━━ Exercise materials ━━

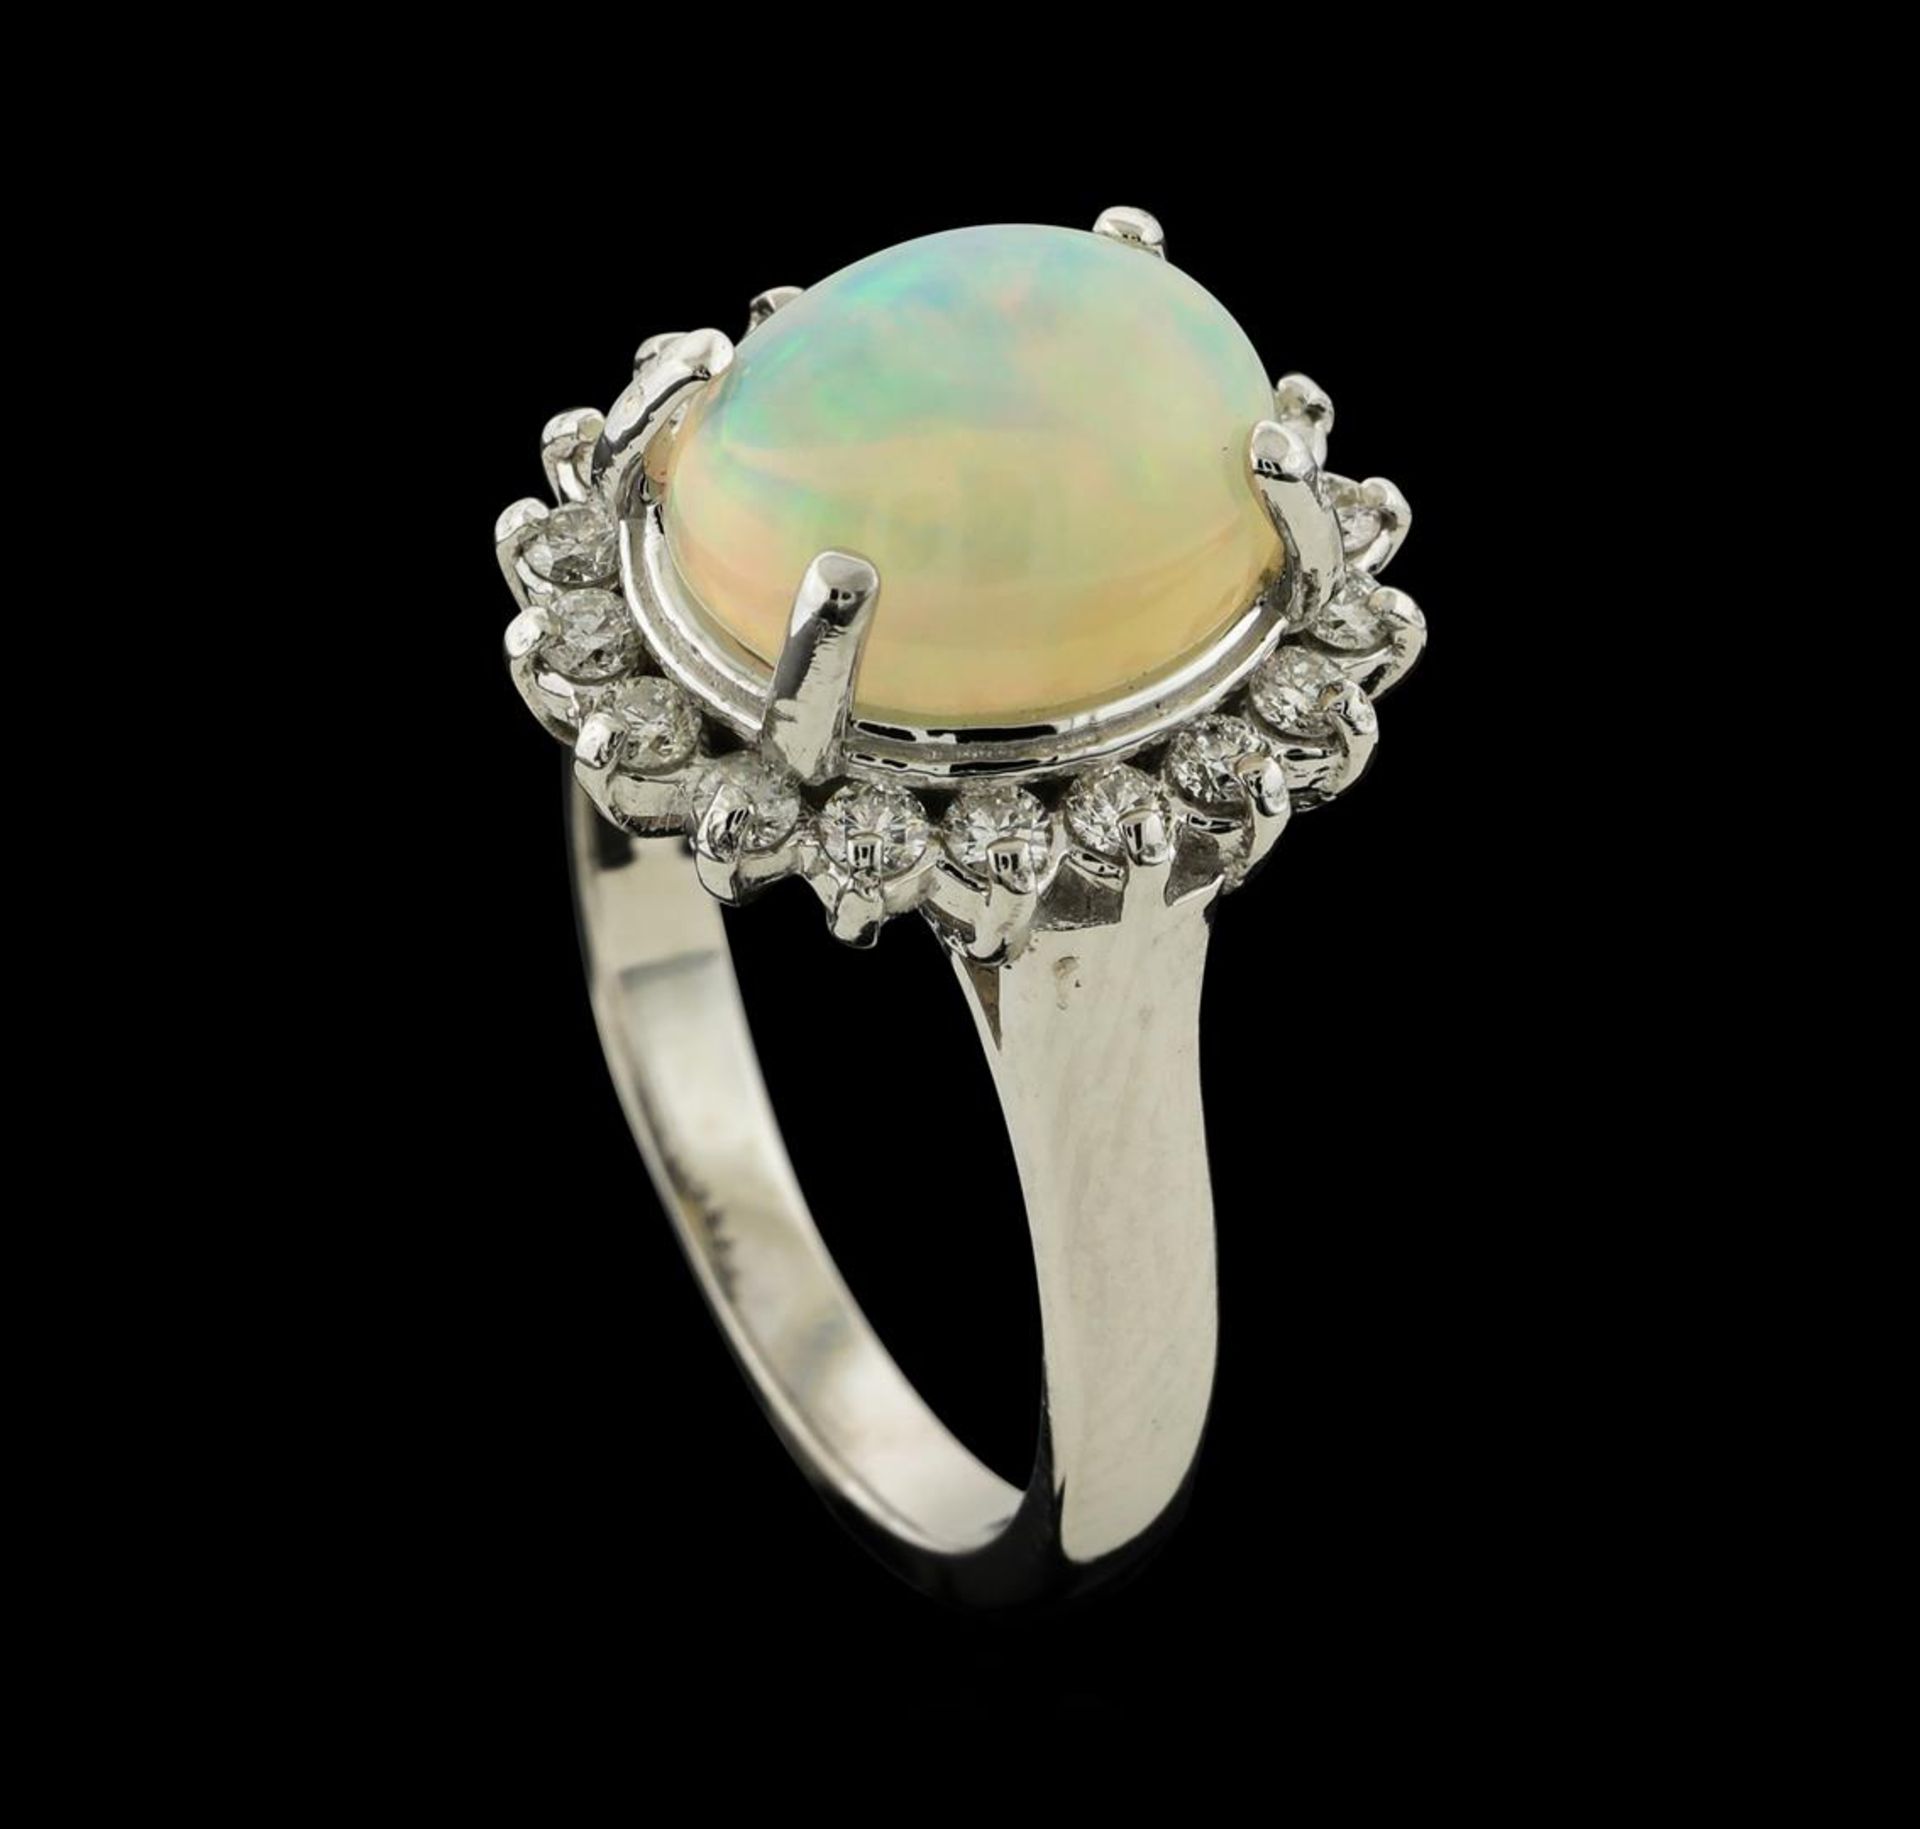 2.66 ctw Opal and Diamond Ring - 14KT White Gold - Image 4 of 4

━━━
━━ Exercise materials ━━

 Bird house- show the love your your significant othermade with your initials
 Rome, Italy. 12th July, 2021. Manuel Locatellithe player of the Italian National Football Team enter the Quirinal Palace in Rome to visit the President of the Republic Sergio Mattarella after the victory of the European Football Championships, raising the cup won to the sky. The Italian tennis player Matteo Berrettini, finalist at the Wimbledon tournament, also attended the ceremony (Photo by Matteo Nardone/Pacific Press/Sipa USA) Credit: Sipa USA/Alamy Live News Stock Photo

━━━
━━ Exercise materials ━━

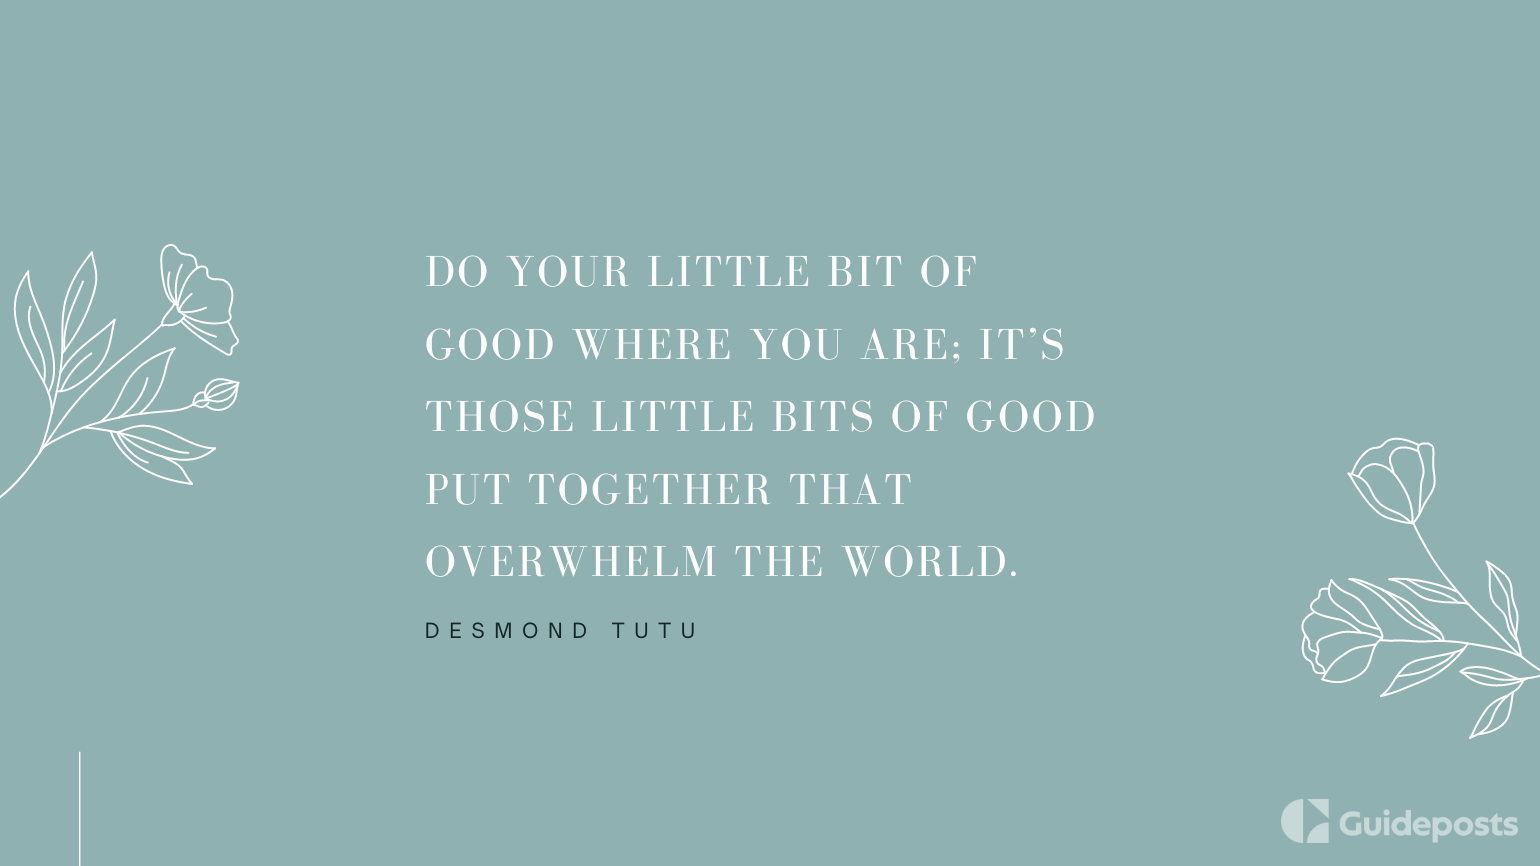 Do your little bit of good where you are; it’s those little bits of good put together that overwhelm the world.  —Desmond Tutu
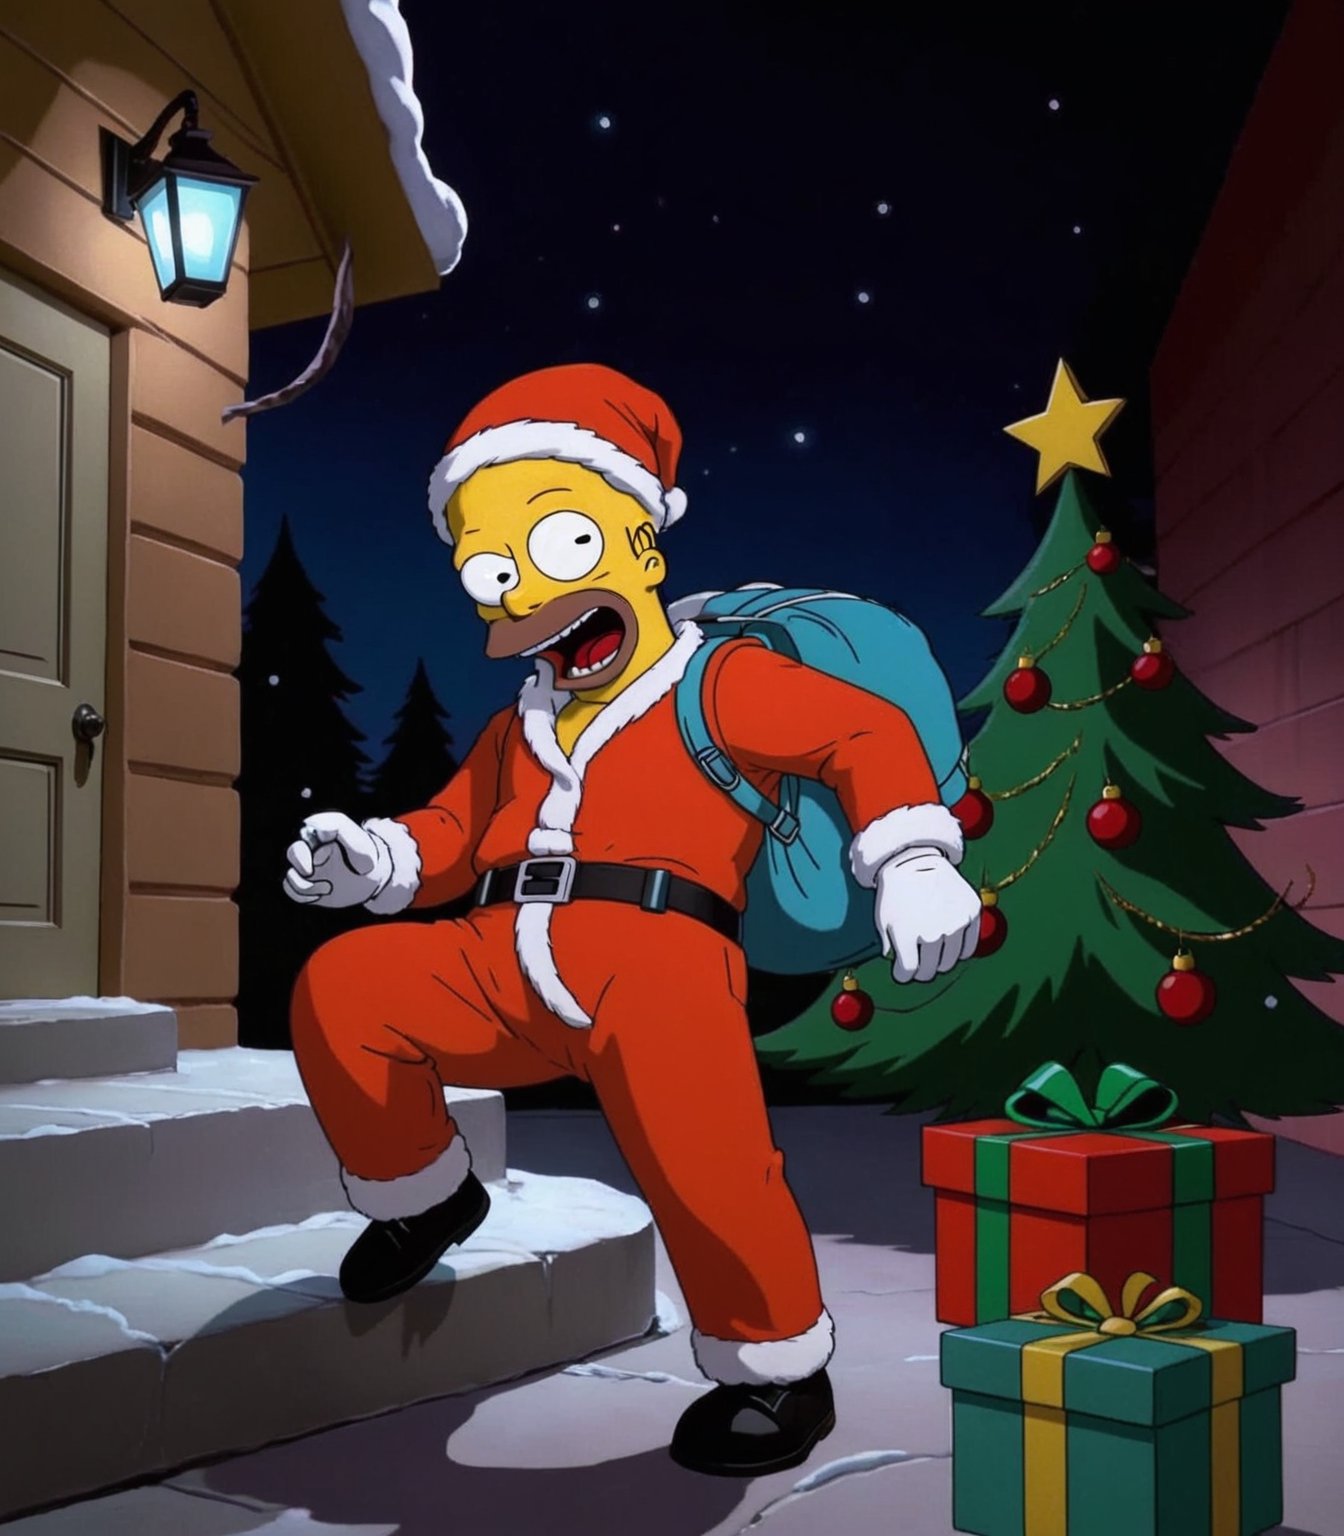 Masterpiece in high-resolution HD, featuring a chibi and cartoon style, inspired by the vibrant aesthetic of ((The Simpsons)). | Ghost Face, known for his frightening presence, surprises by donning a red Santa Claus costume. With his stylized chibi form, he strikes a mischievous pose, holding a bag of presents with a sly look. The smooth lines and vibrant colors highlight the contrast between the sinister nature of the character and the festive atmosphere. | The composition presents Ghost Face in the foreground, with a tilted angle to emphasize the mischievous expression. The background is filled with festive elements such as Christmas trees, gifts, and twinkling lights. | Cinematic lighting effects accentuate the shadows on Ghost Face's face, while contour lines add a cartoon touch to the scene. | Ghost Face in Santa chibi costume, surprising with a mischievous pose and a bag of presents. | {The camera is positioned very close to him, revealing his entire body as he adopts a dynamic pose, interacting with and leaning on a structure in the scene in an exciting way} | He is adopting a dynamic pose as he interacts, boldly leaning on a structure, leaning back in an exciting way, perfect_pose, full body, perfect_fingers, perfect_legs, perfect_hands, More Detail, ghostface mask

━━━

**Description of the task:** Send back an exact copy of only the lines from the line with "Bird house- show" up to and including the line with "Rome, Italy. 12th" in the data above.

**Your response:**
 Bird house- show the love your your significant othermade with your initials
 Rome, Italy. 12th July, 2021. Manuel Locatellithe player of the Italian National Football Team enter the Quirinal Palace in Rome to visit the President of the Republic Sergio Mattarella after the victory of the European Football Championships, raising the cup won to the sky. The Italian tennis player Matteo Berrettini, finalist at the Wimbledon tournament, also attended the ceremony (Photo by Matteo Nardone/Pacific Press/Sipa USA) Credit: Sipa USA/Alamy Live News Stock Photo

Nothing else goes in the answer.